LinuxFilter: What could be causing these strange, unwanted, and annoying X restarts?
I'm experiencing a very peculiar intermittent problem with X restarts, for which I have no explanation and hence no fix. I'm looking for some insight from one of you linux experts out there.
When I'm not traveling I have my laptop (IBM Thinkpad T43p) sitting in a docking station connected to an external monitor. I use this laptop to ssh into remote machines on which I'm actually doing all my work. I forward X and often start up numerous terminals and application windows remotely, which then get displayed on my monitor. One of the applications I use extensively is IDL (a data analysis and visualization tool), which runs in a terminal but also creates its own windows for displaying data and images.
Sometimes when I end one my IDL sessions by typing 'exit' at the IDL prompt this causes my local X session to restart. I get kicked out of gnome and end up at the login screen. This is obviously a big nuisance, since I have to re-login, ssh back into all the external machines, and recreate my whole work environment. Also, unless I happen to be using screen, I've lost what I was doing at the moment. I have to emphasize that this is not exactly reproducible behaviour. It only happens sometimes, seemingly at random. I believe it's somewhat more likely when I haven't been using the particular terminal for a while, but that may just be my imagination.
What I find so strange about this is that issuing a command (typing 'exit') in an IDL session running on a
remote terminal is causing an X restart on my
local machine. It's as if my typing 'exit' in the remote IDL session is sometimes interpreted by my local X as the equivalent of ctrl+alt+backspace. How could that happen?
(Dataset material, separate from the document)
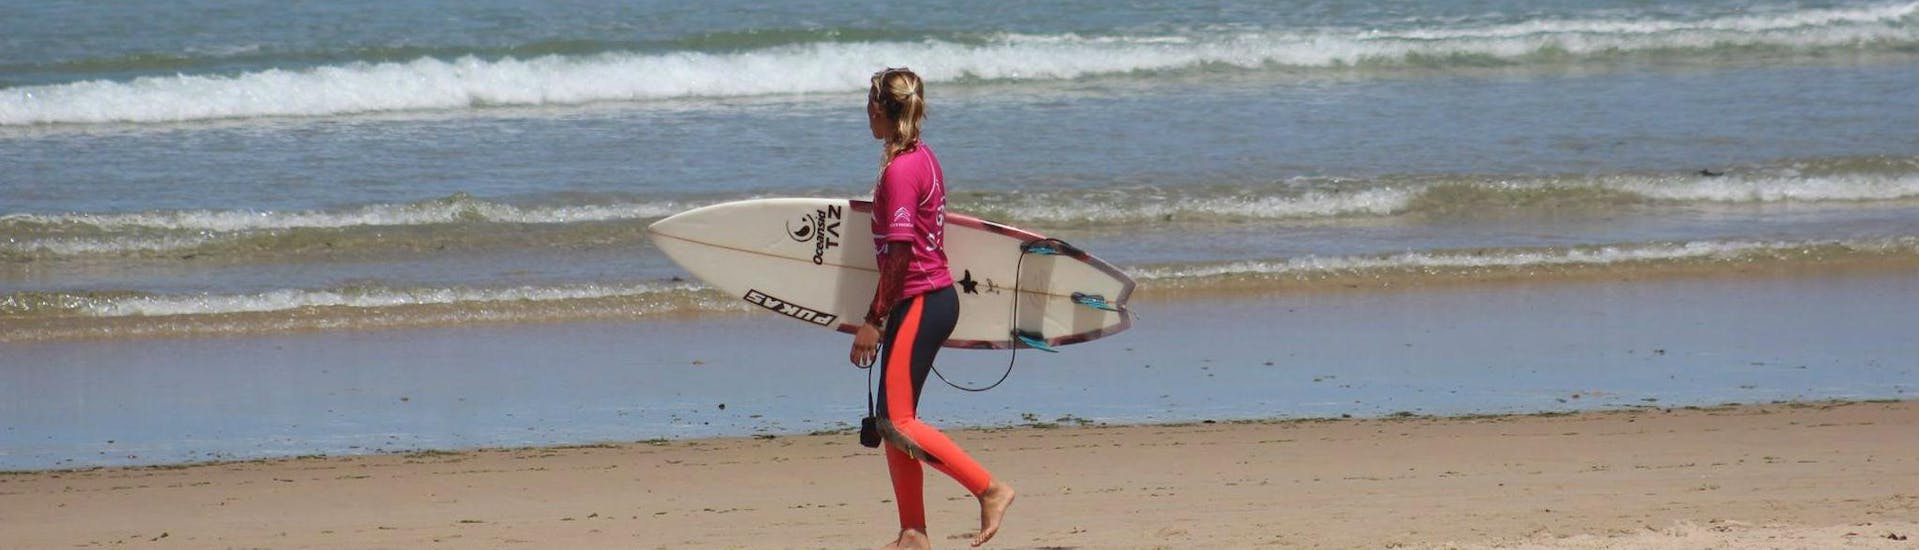 Lezioni di surf da 7 anni per surfisti avanzati.

I'm not even sure what component is at fault here: is this a problem with my X server, with ssh X forwarding, with IDL, with the terminal?
I've posted a bugzilla report about this under xorg-x11 (
#483489), but so far nothing has come of it. Like I said, I don't even know if this is an X problem...
Even if you don't know of a solution, I'd just be interested to understand how this could even happen. Thanks.
More information about my setup, in case it's helpful: Fedora 10, kernel 2.6.27.12-170.2.5.fc10.i686, xorg 1.5.3-6. The laptop has an ATI videocard, but I'm not running a proprietary driver. I'm letting my display and videocard be auto-detected (meaning I have no /etc/X11/xorg.conf file).